Two days ago, the Los Angeles Times ran an opinion piece by Robert Gottlieb, director of the Urban & Environmental Policy Institute at Occidental College, with an update on school food in the Los Angeles Unified School District. While the piece is notable for its failure to make any mention of Jamie Oliver (who made LAUSD his target on last season’s “Food Revolution”), it does offer an overview of recent, promising changes in the district:
. . . a new food procurement approach was established. Instead of relying as much on commodity foods from the government and single-item purchases, new vendors or suppliers were selected in part on the basis of their ability to increase the portion of fresh fruits and vegetables supplied by farmers operating within a 200-mile range. Costs for the food purchased with this goal in mind turned out to be lower.
Even more dramatic have been the menu changes introduced this fall. Out are the canned cherries and apples that went into sugar-laden desserts. Flavored milk is no longer offered. Cafeterias now feature fresh local apples and strawberries and plain, low-fat milk. Hyper-refined mac and cheese and fatty, cheese-laden pizza have been replaced with more healthful entrees. And the new menu items reflect the region’s cultural diversity, with offerings such as tamales filled with vegetables,vegetarian sushi and Greek salad.

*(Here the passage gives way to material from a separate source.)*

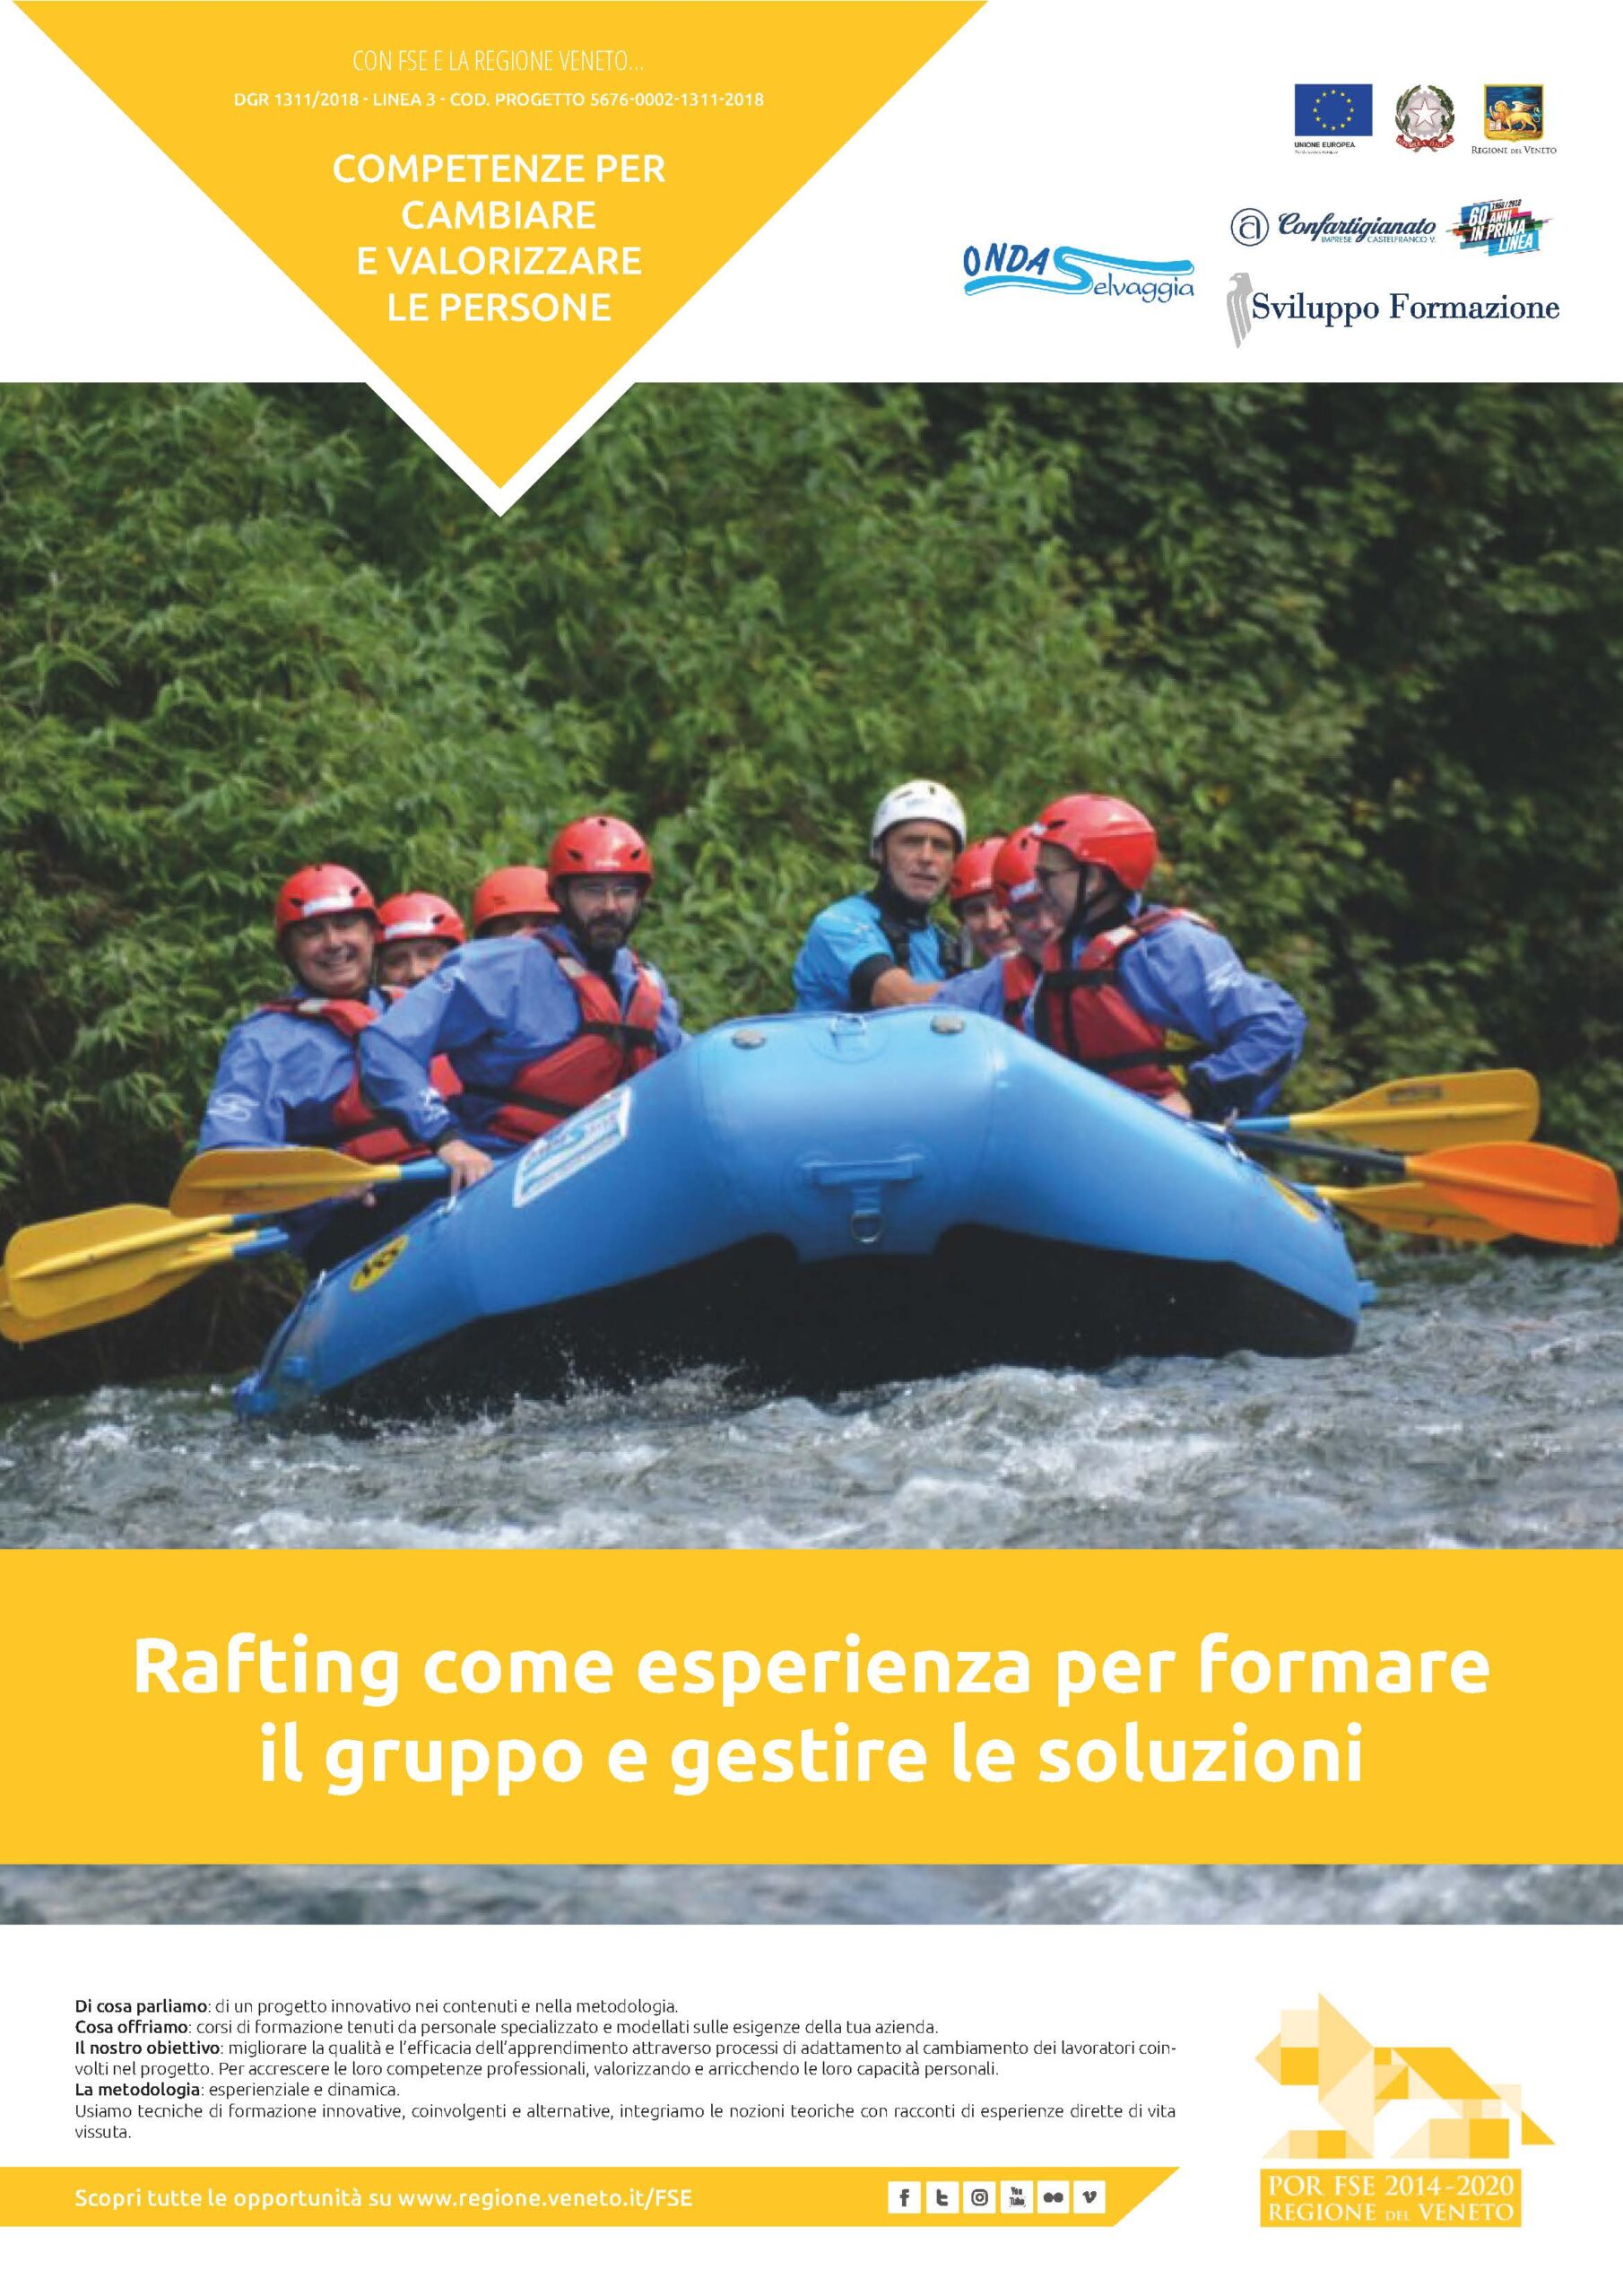 DGR 1311/2018: Rafting come esperienza per formare il gruppo e gestire le soluzioni

What was disheartening to me was the reaction to these changes in some quarters. According to Gottlieb:
Some critics have accused the district of creating an “elitist” menu. One principal complained that it was a “chef’s menu,” while a parent argued that the food was “better than what the students should be getting.” Attempting to develop more cultural diversity caused one parent to complain that the district was not serving “American food,” while another argued that the food was “too much what the people in Los Angeles look like.”